What to bring to the application

The faster you can ship these to a funder, the faster you close. Most underwriting decisions for restaurants in California happen in 2–4 hours once docs are complete.

  • Last 3–6 months business bank statements
  • Voided business check
  • Driver's license for the majority owner
  • POS export (Toast / Square / Clover) speeds underwriting

The math

A typical restaurants deal in California lands at a factor rate between 1.25 and 1.42. On a $50,000 advance at 1.32, you'd repay $66,000 over 9–12 months — about $260–$305/day in ACH. Our factor rate calculator lets you plug in your own numbers.

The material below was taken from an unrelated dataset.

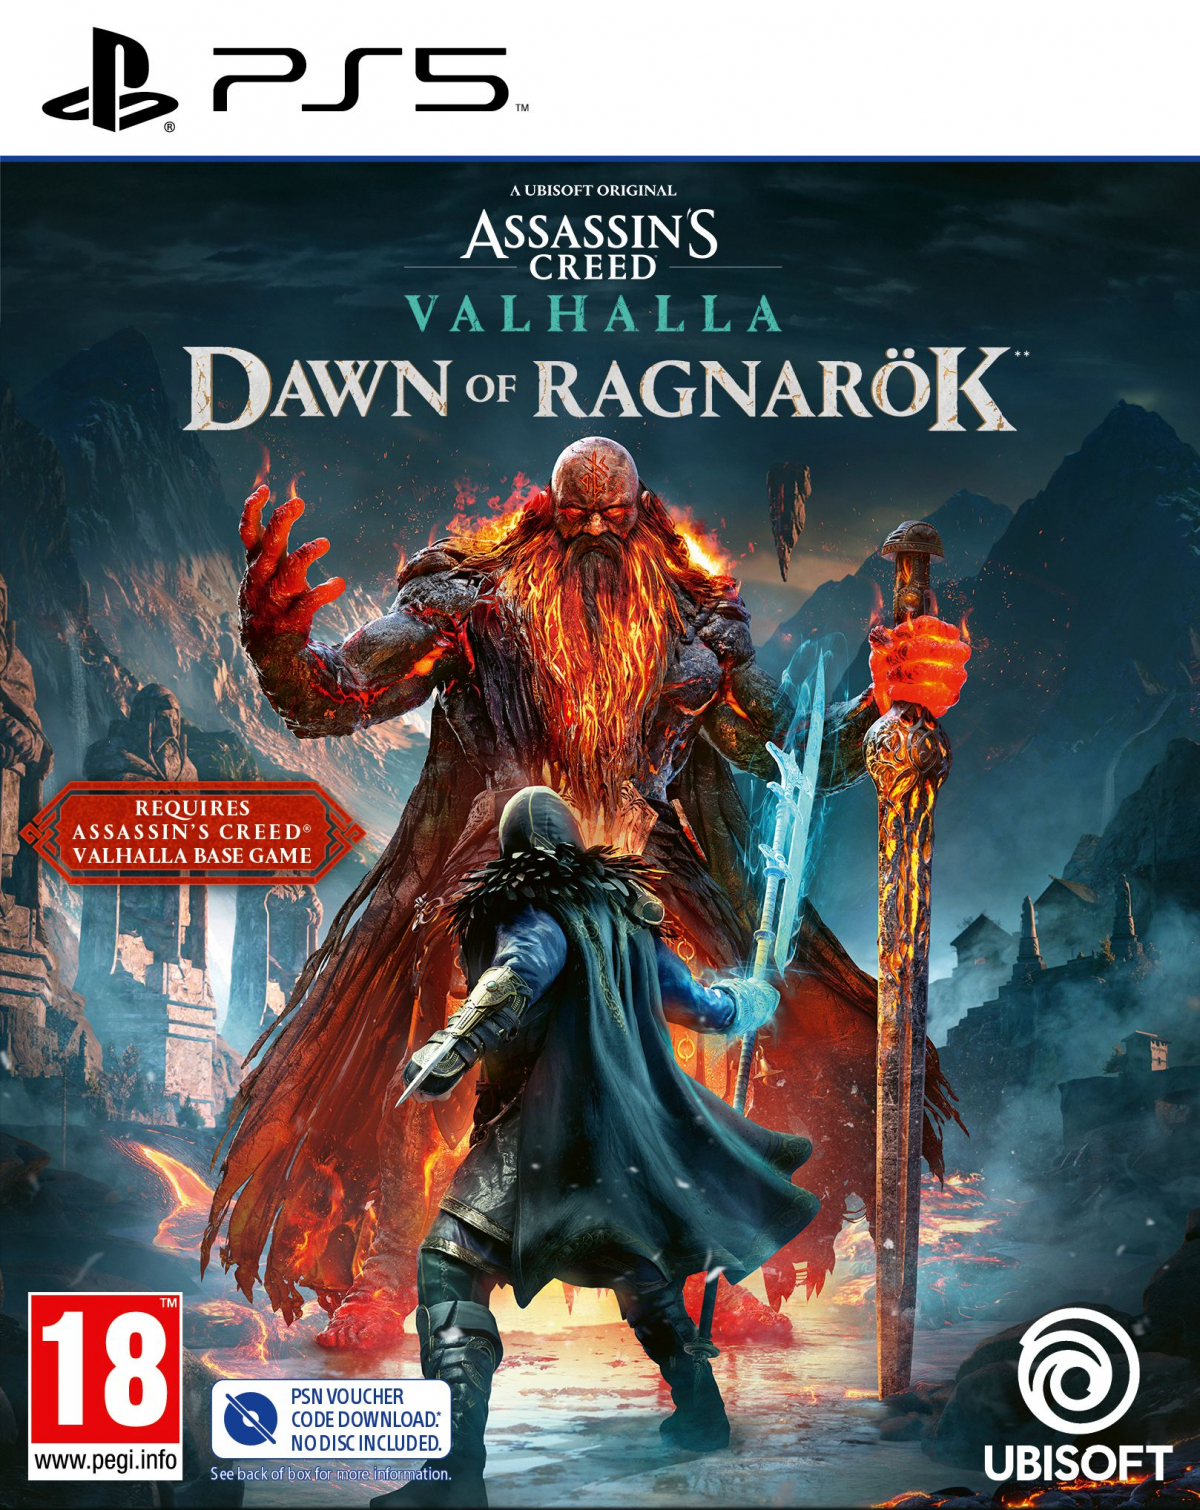 PS5 Assassins Creed Valhalla Dawn of Ragnarök

Frequently asked questions

Why do fewer MCA funders operate in California?
SB 1235 requires standardized APR-equivalent disclosure on commercial financing. Funders that built their business on opaque pricing pulled out rather than comply. The funders that stayed are typically the better-priced, more transparent operators.
Can an LA food truck qualify for an MCA?
Yes, with 12+ months of consistent daily deposits and $15K+/mo revenue. Food truck approval works the same as brick-and-mortar; the bar is the bank statement, not the format.
Does CA prop 65 or other regulatory friction affect underwriting?
Not directly. Funders underwrite against bank statements, not regulatory exposure. The disclosure law is the main CA-specific factor in MCA pricing.